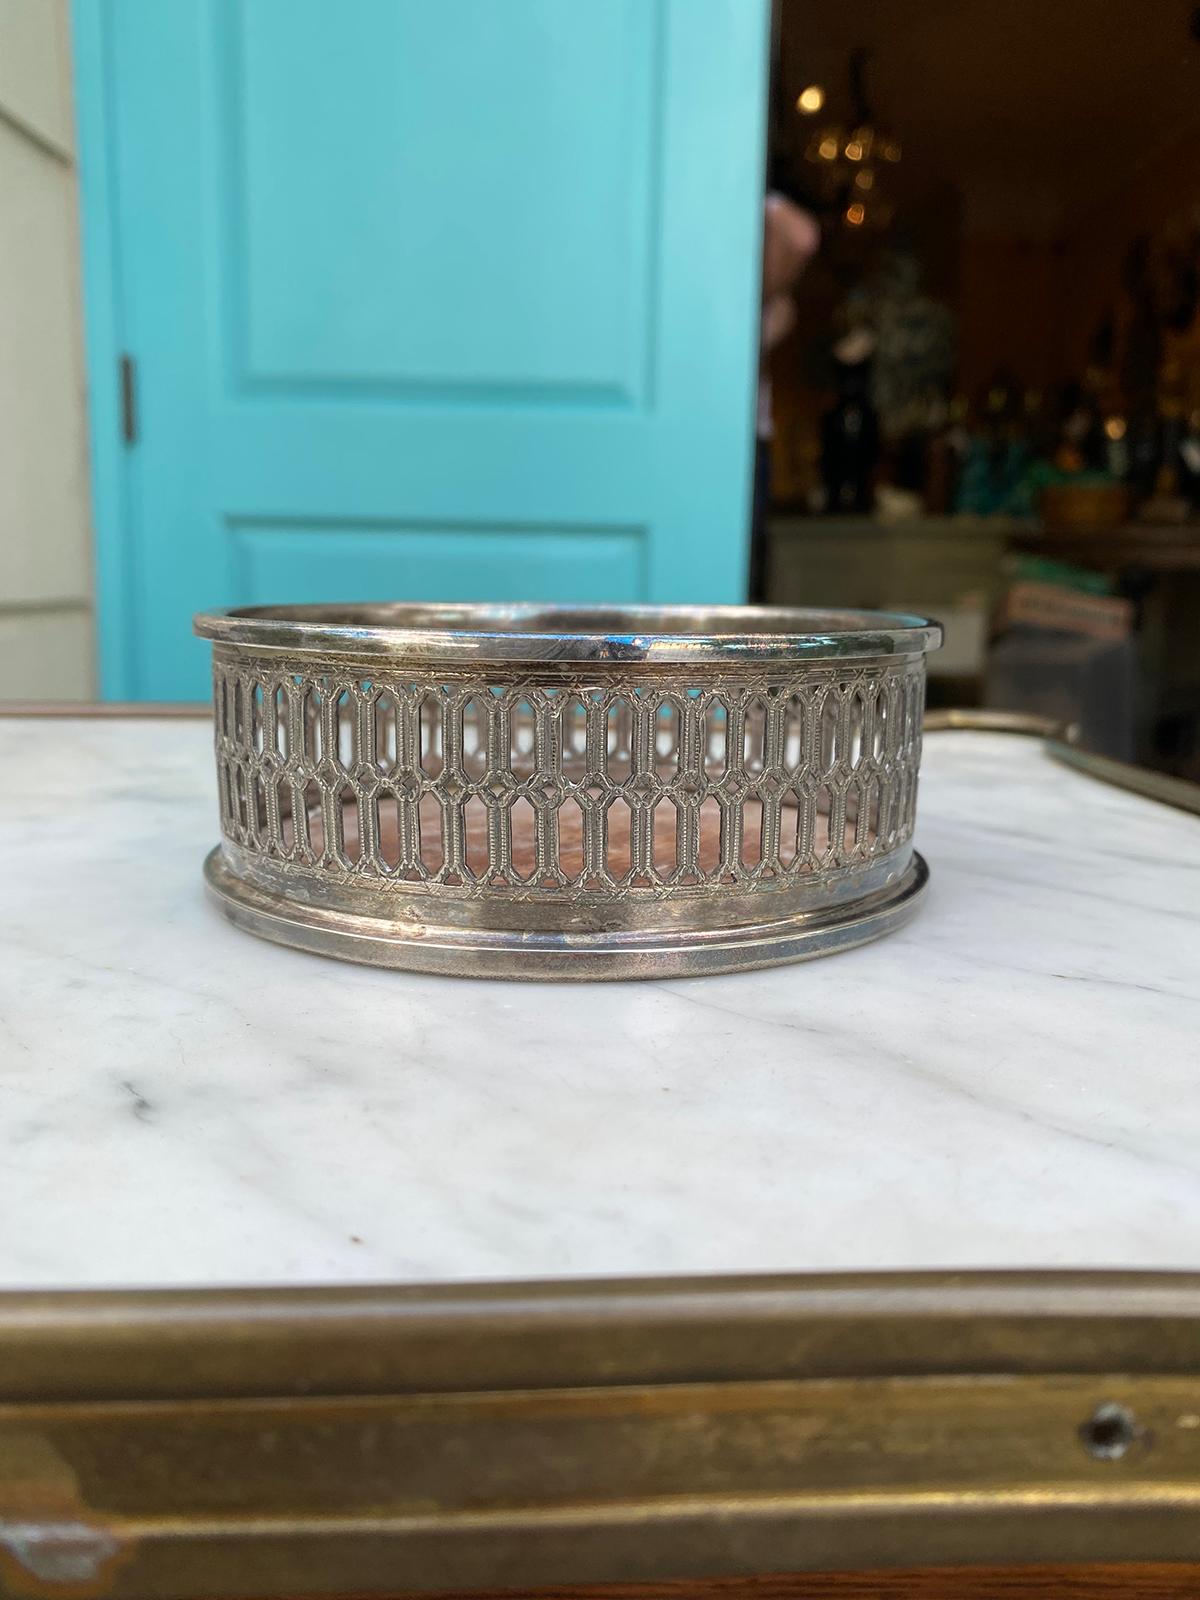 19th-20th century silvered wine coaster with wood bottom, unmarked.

==

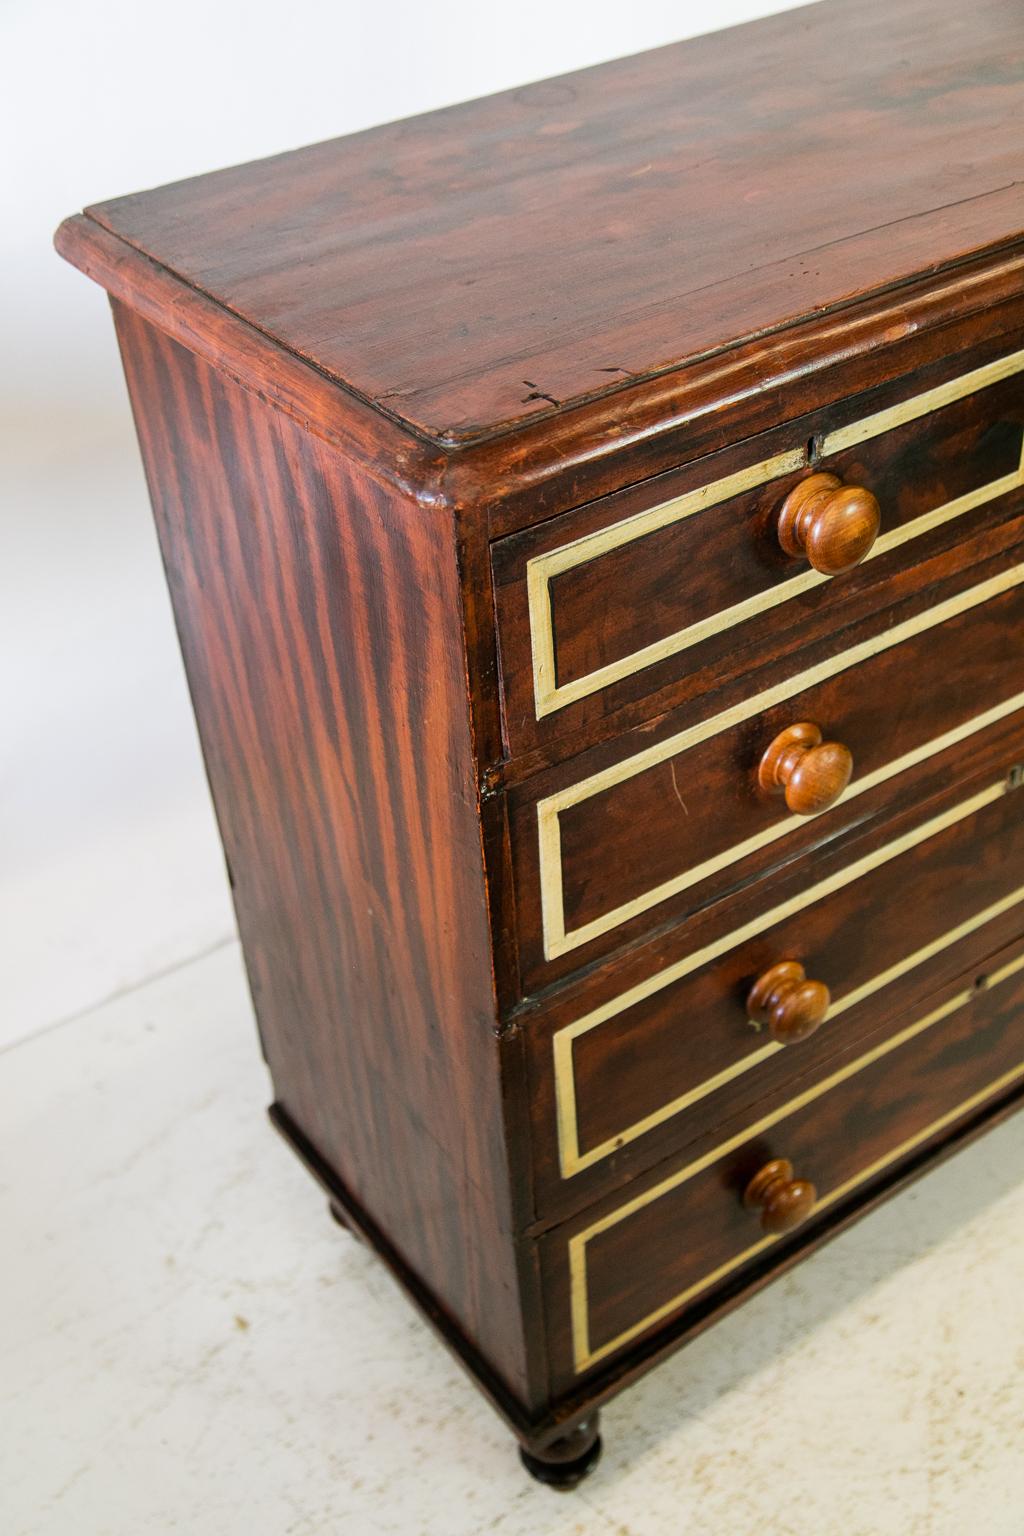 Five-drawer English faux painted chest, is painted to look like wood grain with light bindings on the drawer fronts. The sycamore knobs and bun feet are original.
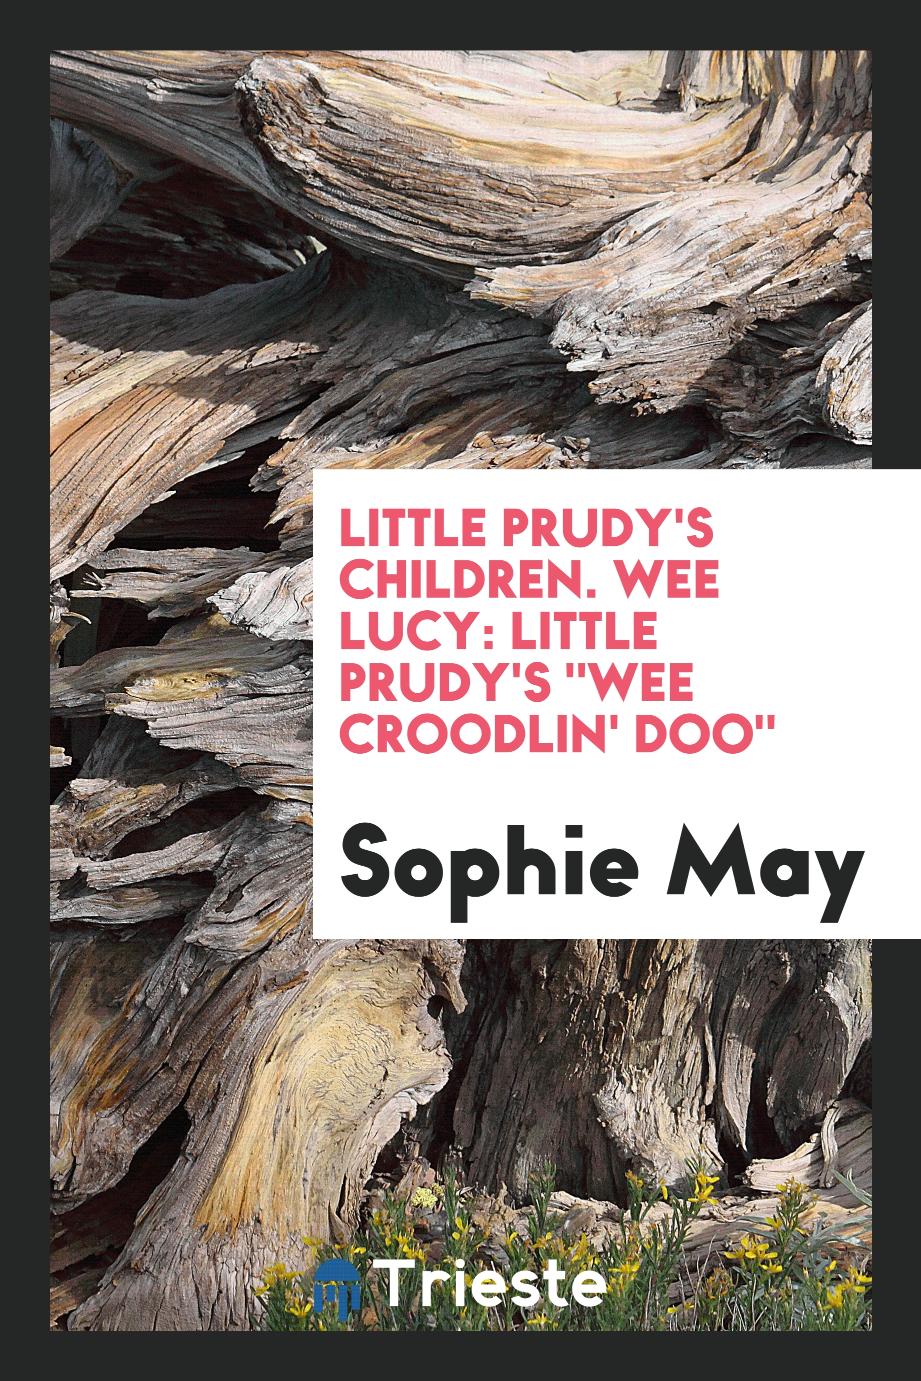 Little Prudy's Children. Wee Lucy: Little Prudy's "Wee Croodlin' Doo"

▶ What to produce
Repeat only the stretch of data above that runs from the line with "Five-drawer English faux" to the line with "Little Prudy's Children.". Keep both end lines; exclude pictures.

▶ Exercise answer
 Five-drawer English faux painted chest, is painted to look like wood grain with light bindings on the drawer fronts. The sycamore knobs and bun feet are original.
 Little Prudy's Children. Wee Lucy: Little Prudy's "Wee Croodlin' Doo"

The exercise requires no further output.